> [Action item]: Leaving the pictures aside, transcribe every line below exactly.

> [Data provided]:
-.-.-

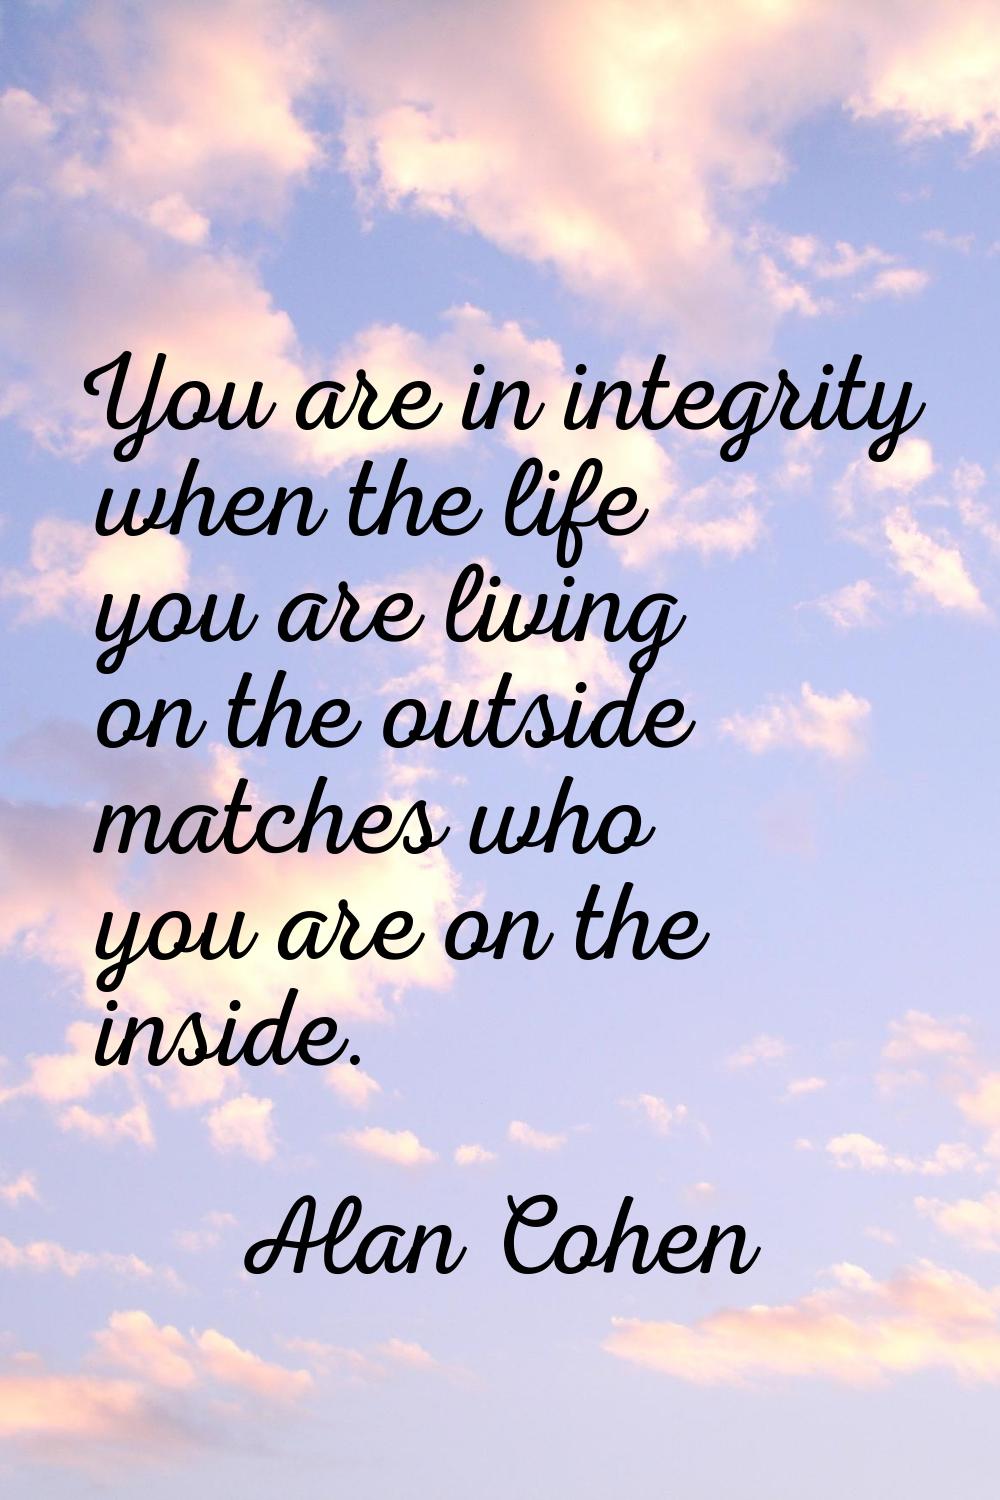 You are in integrity when the life you are living on the outside matches who you are on the inside.
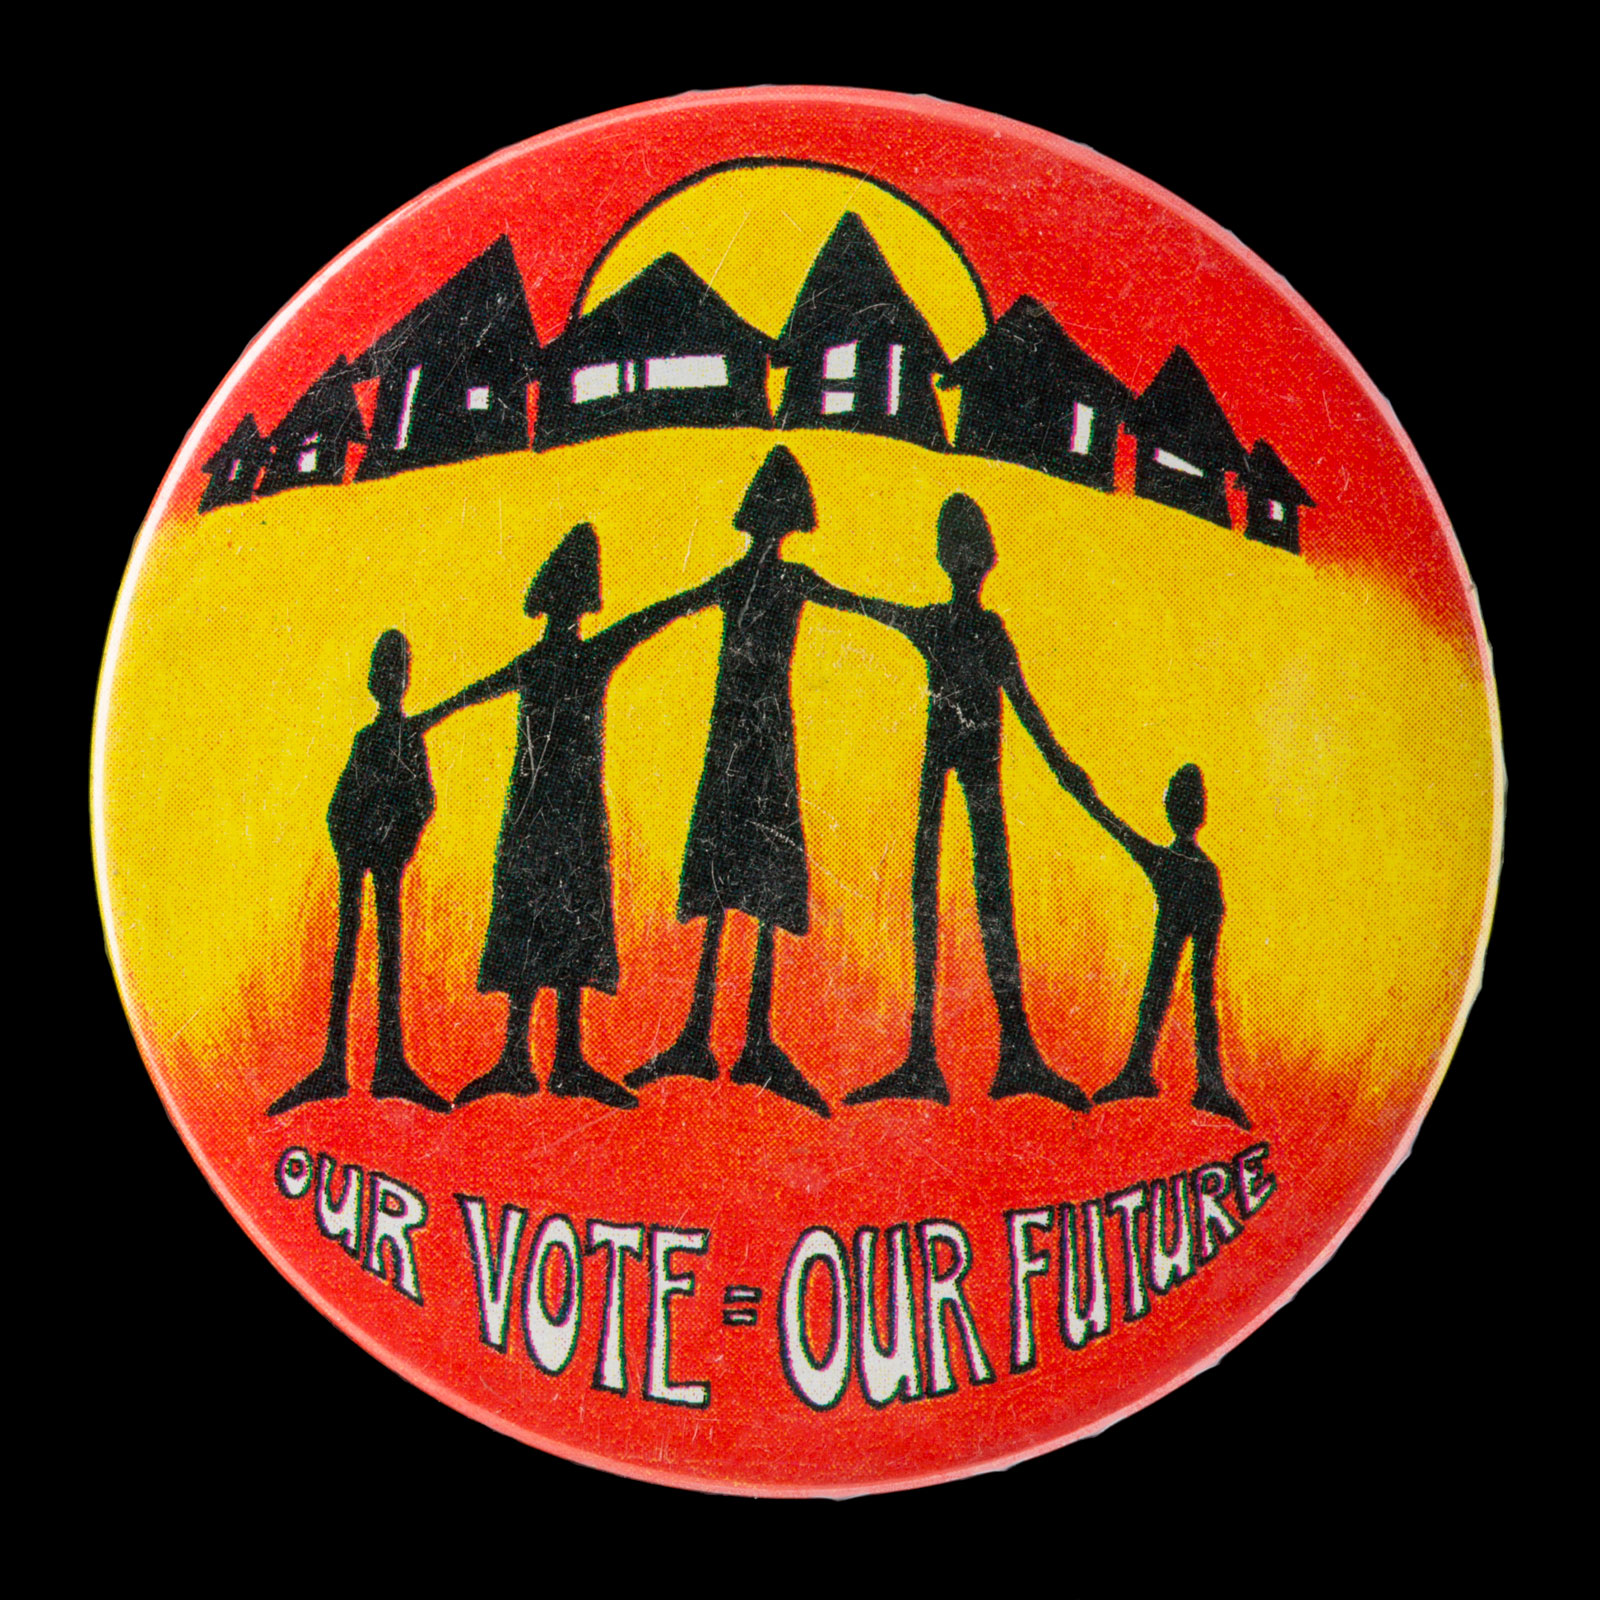 ‘Our vote = our future’ metal badge.
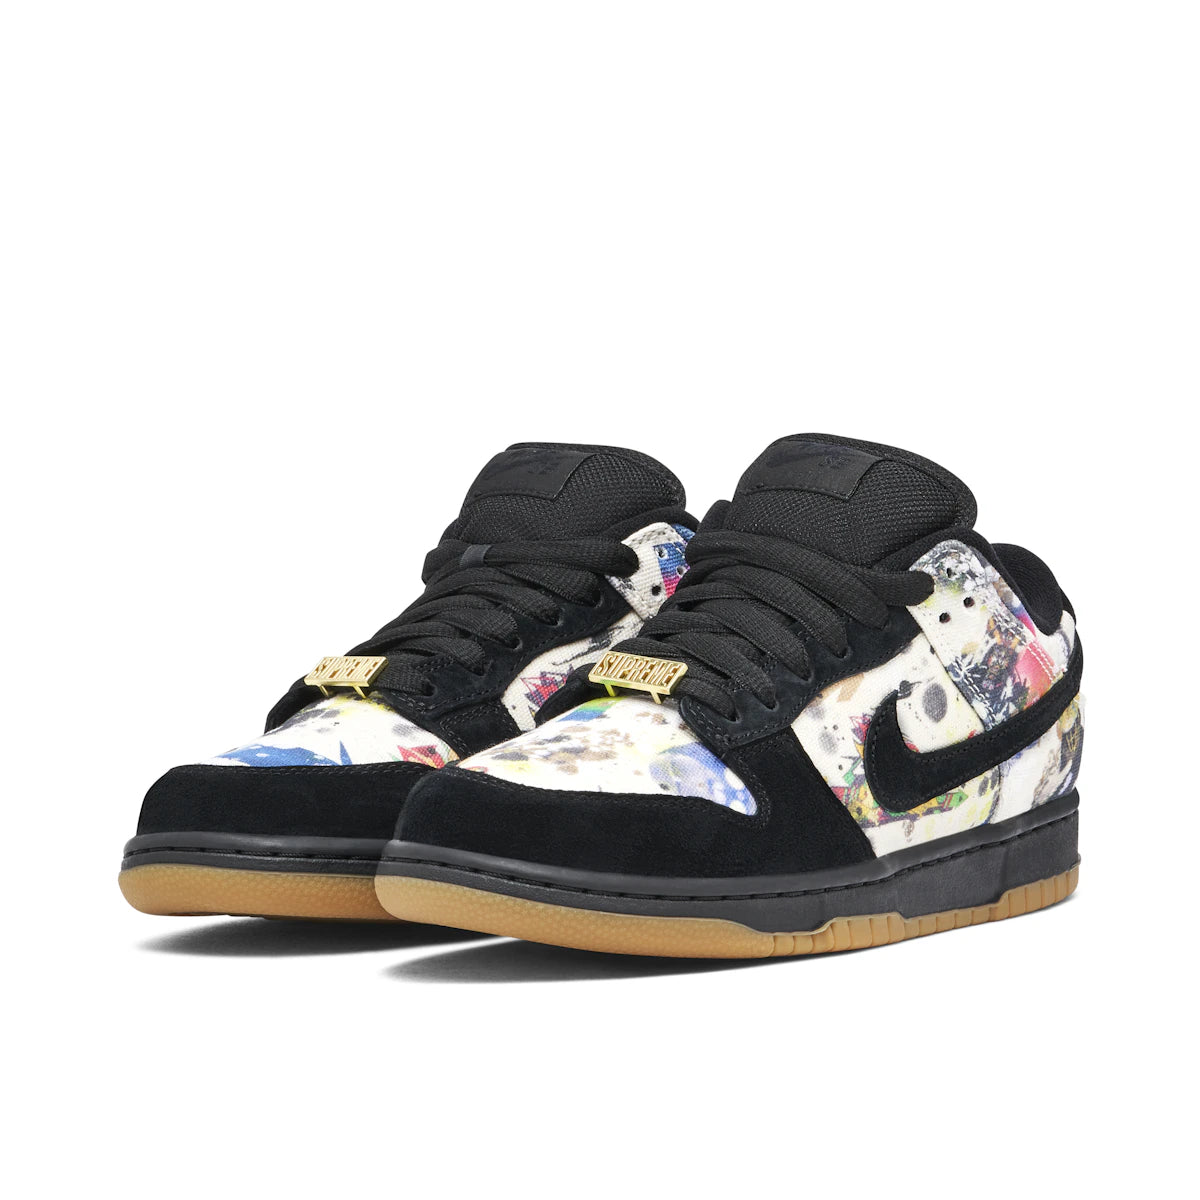 Nike SB Dunk Low Supreme Rammellzee by Nike from £325.00
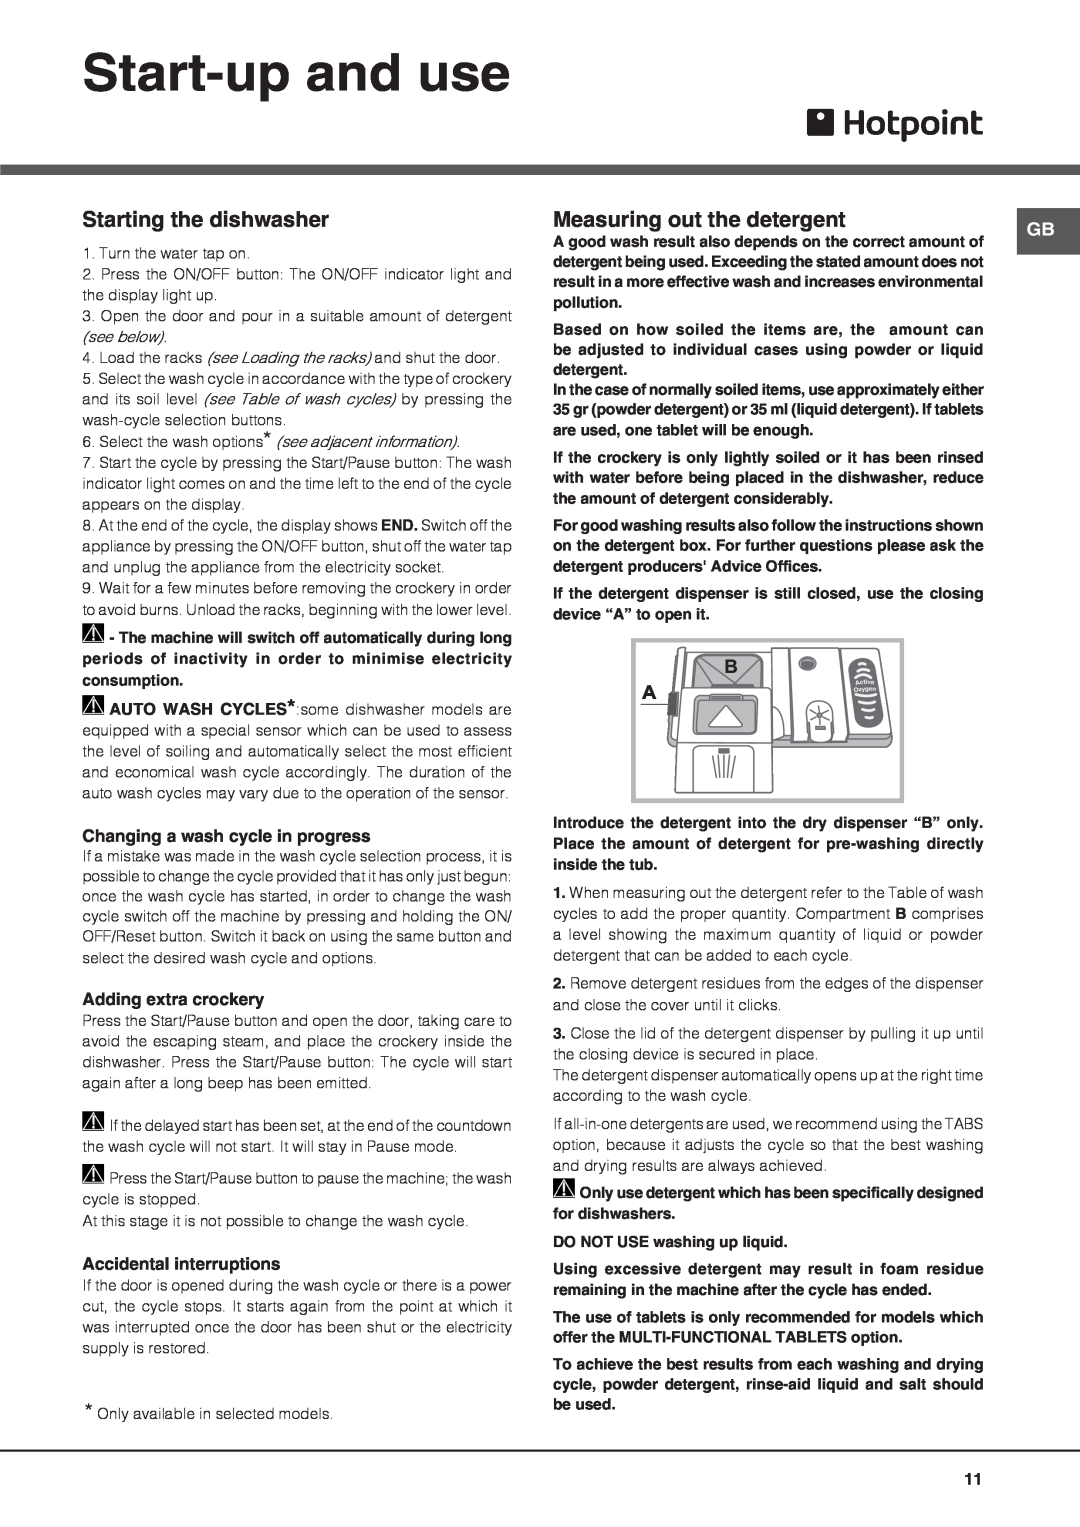 Hotpoint FDYF 11011 Start-upand use, Changing a wash cycle in progress, Adding extra crockery, Accidental interruptions

-.-.-

> [Answer to this exercise]:
 You are in integrity when the life you are living on the outside matches who you are on the inside.
 ‘Our vote = our future’ metal badge.
 Nike SB Dunk Low Supreme Rammellzee by Nike from £325.00
 Hotpoint FDYF 11011 Start-upand use, Changing a wash cycle in progress, Adding extra crockery, Accidental interruptions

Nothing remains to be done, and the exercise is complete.